2.3. Radikal Bebas Radikal bebas merupakan suatu atom, molekul, atau senyawa yang mengandung satu atau lebih elektron yang tidak berpasangan sehingga sangat reaktif. Tipe radikal bebas turunan oksigen reaktif sangat signifikan dalam tubuh. Oksigen reaktif ini mencakup superoksida (O`2), hidroksil (`OH), peroksil (ROO`), hidrogen peroksida (H2O2), singlet oksigen (O2), oksida nitrit (NO`), peroksinitrit (ONOO`) dan asam hipoklorit (HOCl). Radikal bebas memiliki reaktivitas yang sangat tinggi. Reaktivitas radikal bebas merupakan upaya untuk mencari pasangan elektron. Dampak dari kerja radikal bebas akan terbentuk radikal bebas baru yang berasal dari atom atau molekul yang elektronnya diambil untuk berpasangan dengan radikal sebelumnya. Bila dua senyawa radikal bertemu, elektron-elektron yang tidak berpasangan dari kedua senyawa tersebut akan bergabung dan membentuk ikatan kovalen yang stabil. Sebaliknya, bila senyawa radikal bebas bertemu dengan senyawa yang bukan radikal bebas akan terjadi tiga kemungkinan, yaitu (1) radikal bebas akan memberikan elektron yang tidak
8
berpasangan (reduktor) kepada senyawa bukan radikal bebas, (2) radikal bebas menerima elektron (oksidator) dari senyawa bukan radikal bebas, (3) radikal bebas bergabung dengan senyawa bukan radikal bebas (Winarsi, 2007). Radikal bebas diproduksi dalam sel yang secara umum melalui reaksi pemindahan elektron, menggunakan mediator enzimatik atau nonenzimatik. Produksi radikal bebas dalam sel dapat terjadi secara rutin maupun sebagai reaksi terhadap rangsangan.
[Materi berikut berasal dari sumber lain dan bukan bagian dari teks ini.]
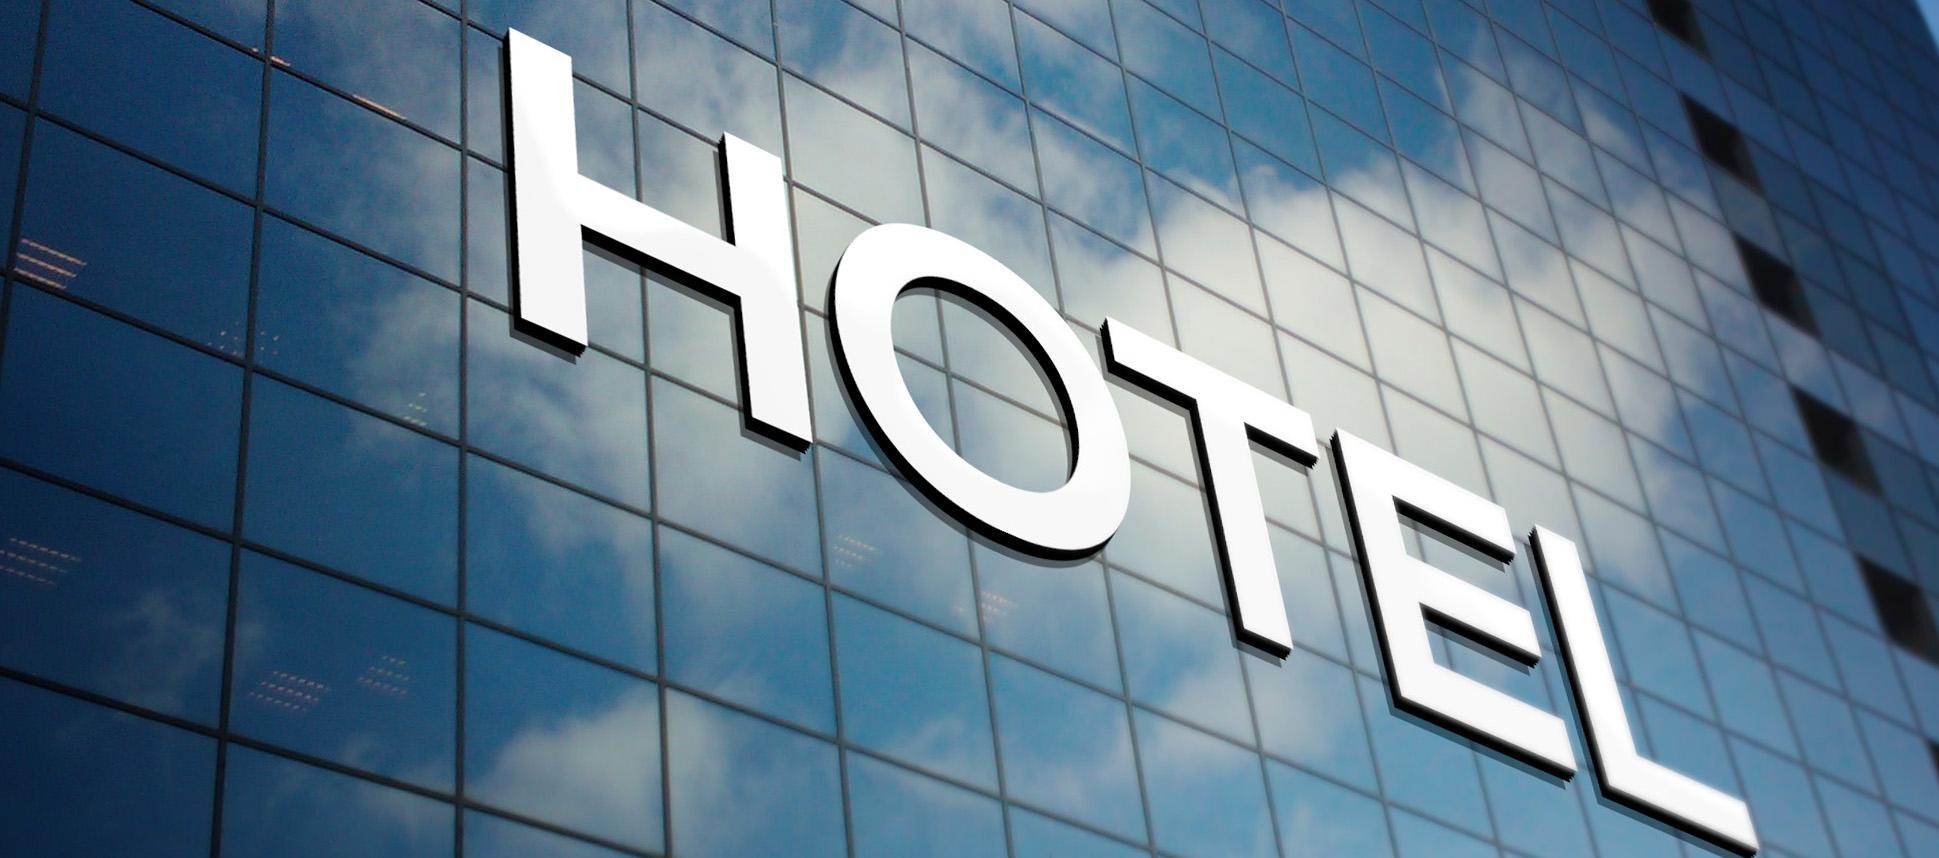 GIMAK-Hotel-1

Secara rutin adalah superoksida yang dihasilkan melalui aktivasi fagosit dan reaksi katalisa 6 seperti ribonukleotida reduktase. Pembentukan melalui rangsangan adalah kebocoran superoksida, hidrogen peroksida dan kelompok oksigen reaktif lainnya pada saat bertemunya bakteri dengan fagosit teraktivasi. Sumber utama radikal bebas pada keadaan normal adalah kebocoran elektron yang terjadi dari rantai transport elektron, misalnya yang ada dalam mitokondria dan retikulum endoplasma serta molekul oksigen yang menghasilkan superoksida. Radikal bebas yang berada dalam tubuh manusia berasal dari dua sumber, endogen dan eksogen. Sumber endogen antara lain autoksidasi, oksidasi enzimatik, dan respiratory burst. Sumber eksogen terdapat pada obat-obatan, radiasi, dan asap rokok (Arief, 2005).
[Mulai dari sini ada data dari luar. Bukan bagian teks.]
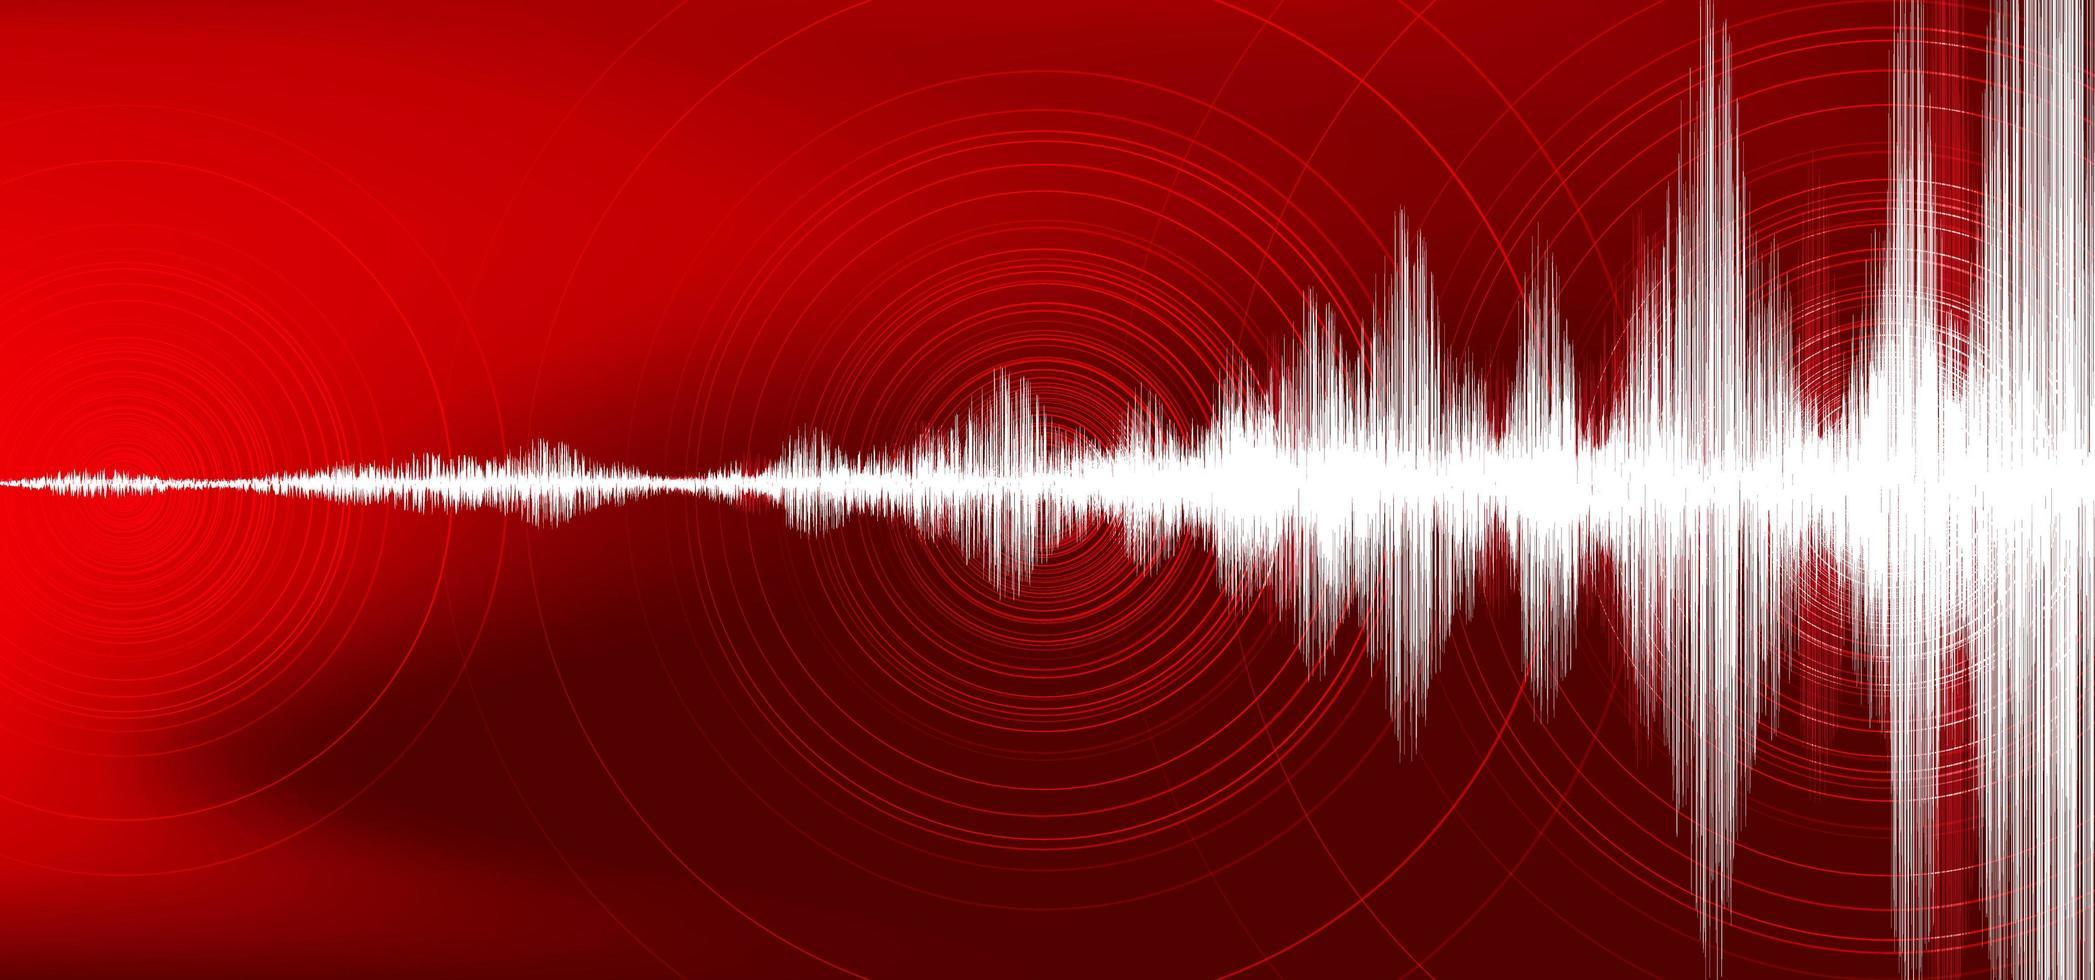 onda di terremoto digitale con vibrazione del cerchio su sfondo rosso scuro, concetto di diagramma dell'onda audio, design per l'istruzione e la scienza, illustrazione vettoriale. vettore

2.4. Antioksidan Antioksidan merupakan senyawa yang dapat menghambat oksigen reaktif/spesies nitrogen reaktif (ROS/RNS) dan juga radikal bebas sehingga antioksidan dapat mencegah penyakit-penyakit yang berhubungan dengan radikal bebas yaitu karsinogenesis, kardiovaskuler dan penuaan (Halliwell dan Gutteridge, 2000). Antioksidan adalah substansi yang diperlukan tubuh untuk
9
menetralisir radikal bebas dan mencegah kerusakan yang ditimbulkan oleh radikal bebas dengan melengkapi kekurangan elektrolit yang dimiliki radikal bebas dan menghambat terjadinya reaksi berantai dari pembentukan radikal bebas. Antioksidan digolongkan menjadi dua jenis yaitu antioksidan sintetik (antioksidan yang diperoleh dari hasil sintesa reaksi kimia) dan antioksidan alami ( antioksidan hasil ekstraksi bahan alami). Terdapat lima antioksidan yang penggunaannya meluas dan menyebar diseluruh dunia, yaitu Butil Hidroksi Anisol (BHA), Butil Hidroksi Toluen (BHT), propil galat, Tert-Butil Hidoksi Quinon (TBHQ) dan tokoferol. Antioksidan tersebut merupakan antioksidan alami yang telah diproduksi secara sintetis untuk tujuankomersial (Buck, 1991 in Trilaksani, 2003). Antioksidan alami dapat berasal dari bahan pangan bahan, yaitu rempah - rempah, dedaunan, teh, kokoa, biji-bijian, serealia, buah-buahan, sayur-sayuran dan tumbuhan/alga laut. Bahan pangan ini mengandung jenis senyawa yang memiliki aktivitas antioksidan, seperti asam-asam amino, asam askorbat, golongan flavonoid, tokoferol, karotenoid, tannin, peptida, melanoidin, produkproduk reduksi, dan asam-asam organik lain (Pratt,1992 in Trilaksani, 2003).